• _Aim of the exercise_: The answer is to be an exact copy of the lines below running from the line with "Adirondack Autumn 2012: Part" down to the line with "Smart Start Daycare & Preschool - Classroom", both ends included, and nothing more.

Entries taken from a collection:
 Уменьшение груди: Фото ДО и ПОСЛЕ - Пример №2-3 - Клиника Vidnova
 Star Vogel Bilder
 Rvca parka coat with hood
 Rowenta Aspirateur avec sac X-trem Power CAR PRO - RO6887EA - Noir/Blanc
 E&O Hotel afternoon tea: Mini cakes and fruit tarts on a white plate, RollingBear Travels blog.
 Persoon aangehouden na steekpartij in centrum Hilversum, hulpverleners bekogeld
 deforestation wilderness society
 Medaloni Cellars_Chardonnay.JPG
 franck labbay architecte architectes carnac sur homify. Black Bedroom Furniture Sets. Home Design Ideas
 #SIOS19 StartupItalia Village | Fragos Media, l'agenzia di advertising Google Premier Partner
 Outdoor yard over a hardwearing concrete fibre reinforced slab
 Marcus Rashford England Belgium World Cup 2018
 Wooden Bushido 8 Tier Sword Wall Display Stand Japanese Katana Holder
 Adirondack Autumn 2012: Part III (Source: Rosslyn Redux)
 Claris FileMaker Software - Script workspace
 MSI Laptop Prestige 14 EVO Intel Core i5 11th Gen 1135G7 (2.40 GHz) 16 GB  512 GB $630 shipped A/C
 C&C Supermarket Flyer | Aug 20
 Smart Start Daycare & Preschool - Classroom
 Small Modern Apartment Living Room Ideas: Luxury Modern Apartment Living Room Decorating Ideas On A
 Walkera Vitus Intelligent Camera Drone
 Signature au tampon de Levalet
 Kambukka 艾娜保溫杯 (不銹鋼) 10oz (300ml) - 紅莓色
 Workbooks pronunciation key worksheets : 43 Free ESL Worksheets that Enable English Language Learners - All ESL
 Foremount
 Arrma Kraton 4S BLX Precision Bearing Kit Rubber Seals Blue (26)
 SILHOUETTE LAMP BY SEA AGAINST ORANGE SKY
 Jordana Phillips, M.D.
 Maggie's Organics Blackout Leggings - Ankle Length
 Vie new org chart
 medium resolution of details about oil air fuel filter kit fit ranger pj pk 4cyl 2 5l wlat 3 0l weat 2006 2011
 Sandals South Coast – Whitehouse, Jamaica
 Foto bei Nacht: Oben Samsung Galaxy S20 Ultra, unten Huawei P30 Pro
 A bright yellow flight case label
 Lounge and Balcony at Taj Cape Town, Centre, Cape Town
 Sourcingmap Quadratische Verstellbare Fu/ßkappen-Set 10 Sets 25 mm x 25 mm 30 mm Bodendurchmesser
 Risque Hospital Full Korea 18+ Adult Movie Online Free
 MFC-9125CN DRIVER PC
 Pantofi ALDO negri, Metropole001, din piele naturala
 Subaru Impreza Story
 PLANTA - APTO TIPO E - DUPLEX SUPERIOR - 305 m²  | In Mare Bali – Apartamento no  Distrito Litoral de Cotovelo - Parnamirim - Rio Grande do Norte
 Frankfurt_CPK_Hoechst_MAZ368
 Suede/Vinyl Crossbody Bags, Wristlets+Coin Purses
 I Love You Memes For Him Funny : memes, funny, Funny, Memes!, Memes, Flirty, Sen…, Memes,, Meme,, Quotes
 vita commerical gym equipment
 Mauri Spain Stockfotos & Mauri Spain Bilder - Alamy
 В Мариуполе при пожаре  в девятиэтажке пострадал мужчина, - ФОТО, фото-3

• _Answer below_:
 Adirondack Autumn 2012: Part III (Source: Rosslyn Redux)
 Claris FileMaker Software - Script workspace
 MSI Laptop Prestige 14 EVO Intel Core i5 11th Gen 1135G7 (2.40 GHz) 16 GB  512 GB $630 shipped A/C
 C&C Supermarket Flyer | Aug 20
 Smart Start Daycare & Preschool - Classroom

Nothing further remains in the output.